Although phosphorylation of GSK3β is the most widely studied mechanism of regulation, a recent study indicated GSK3β can be activated without apparent changes in pGSK3β(Tyr216) and pGSK3β(Ser9) [15]. Protein complex formation and intracellular localization also have important regulatory influences on GSK3β activity. Such complex regulatory mechanisms are necessary for an enzyme that modifies multiple and diverse substrates, including metabolic, signaling, and structural proteins and transcription factors. These regulatory mechanisms have been elegantly reviewed [3,4].

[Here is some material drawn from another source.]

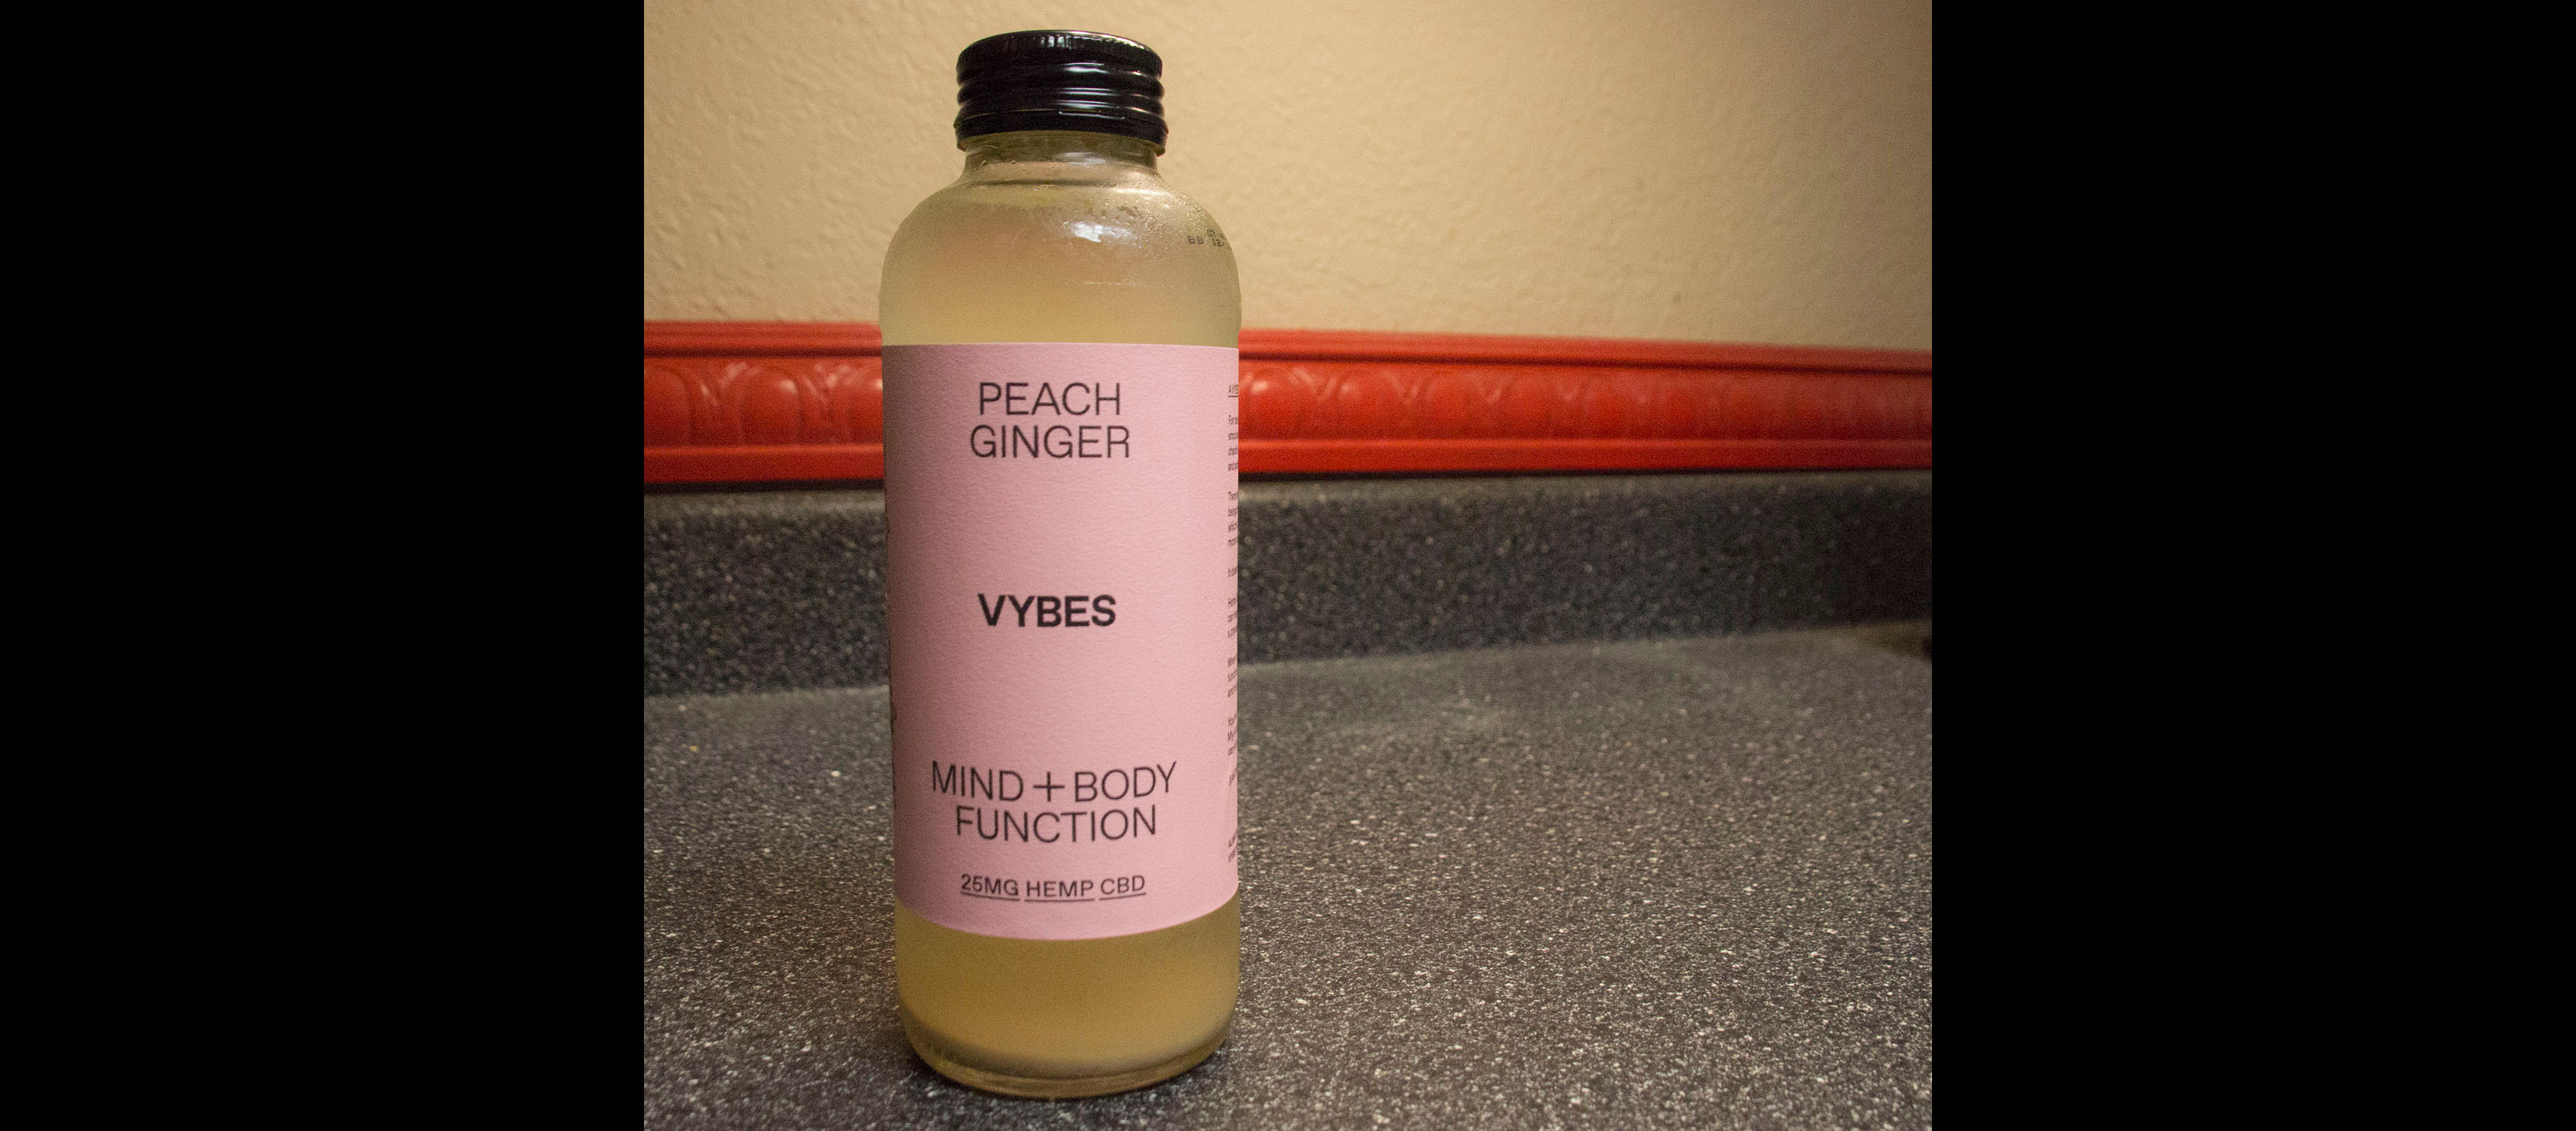 Peach, ginger and a dash of hemp cannabidiol: Reviewing a Vybes beverage
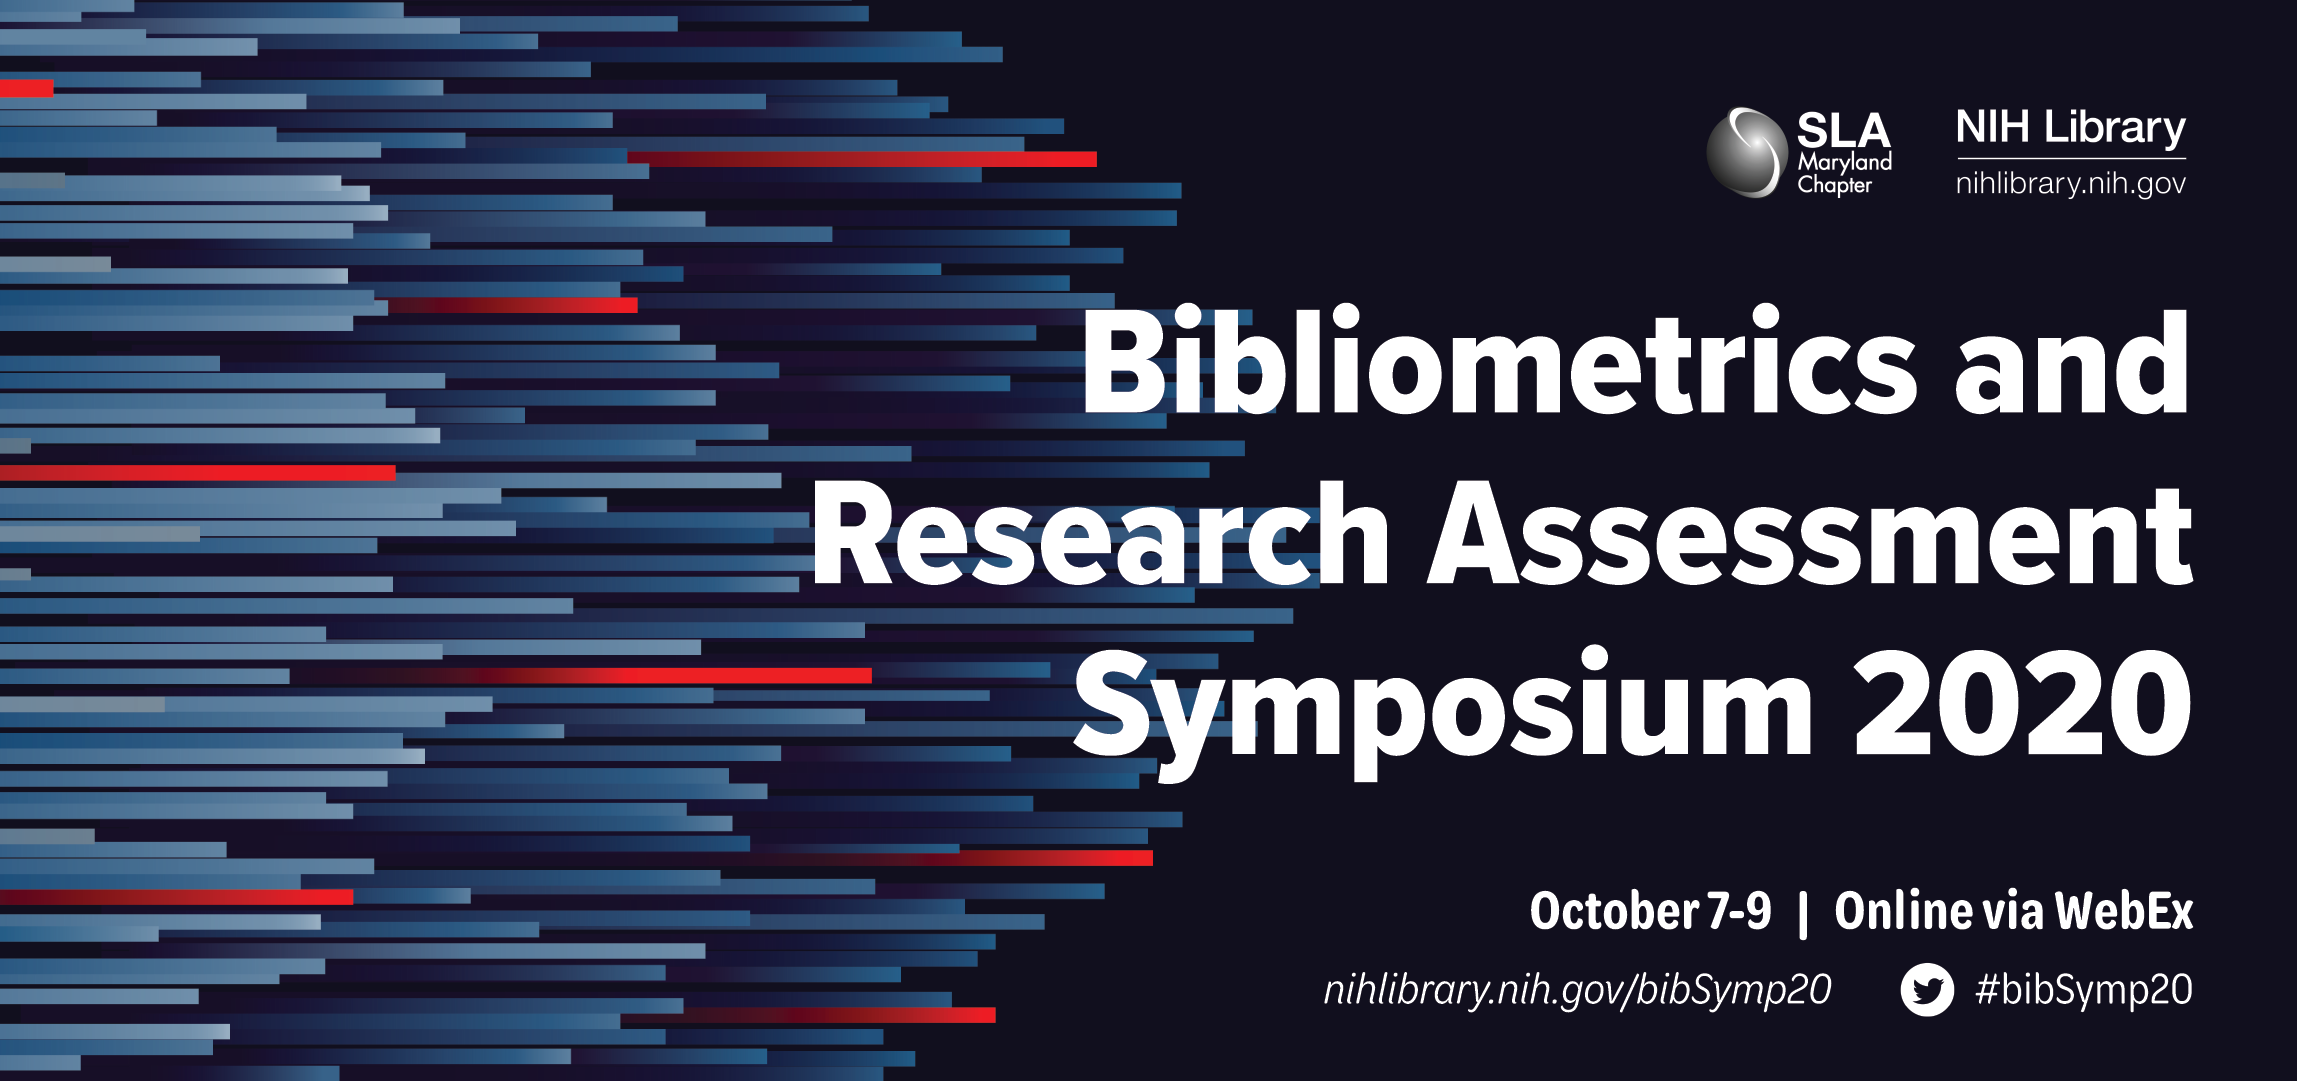 Banner for the 2020 bibliometrics and research assessment symposium

GSK3β is active in resting cells and is inactivated during cellular responses. Its substrates therefore tend to be dephosphorylated; most of these substrates are functionally inhibited by GSK3β. GSK3β appears to act as a general repressor, keeping its targets switched off or inaccessible under resting conditions. More than 40 proteins are substrates of GSK3β, and these proteins have roles in a wide spectrum of cellular processes, including glycogen metabolism, transcription, translation, cytoskeletal regulation, cell differentiation, proliferation and apoptosis [4,8]. A number of substrates that have a close association with tumorigenesis and cancer development are briefly discussed here. One of the most well-known substrates of GSK3β is β-catenin, and GSK3β is an important regulator of the Wnt/β-catenin signaling pathway. The Wnts are a family of secreted, cysteine-rich and glycosylated protein ligands. Wnt signal transduction ultimately results in the activation of genes regulated by the T-cell factor (TCF)/lymphoid enhancer factor (LEF) family of transcription factors and is implicated in tumorigenesis and malignancy [16]. In the absence of Wnt signals, free cytoplasmic β-catenin is incorporated into a cytoplasmic complex that includes Axin, GSK3β and adenmatous polyposis coli (APC). This enables GSK3β to phosphorylate β-catenin and results in ubiquitin-mediated degradation of β-catenin. Wnt signaling inactivates GSK3β and prevents it from phosphorylating β-catenin, thus stabilizing β-catenin in the cytoplasm. As β-catenin accumulates, it translocates into the nucleus where it binds to TCF/LEF and dramatically increases their transcriptional activity. Genes up-regulated by TCF/LEF include proto-oncogenes, such as c-myc and cyclin-D1, and genes regulating cell invasion/migration, such as MMP-7.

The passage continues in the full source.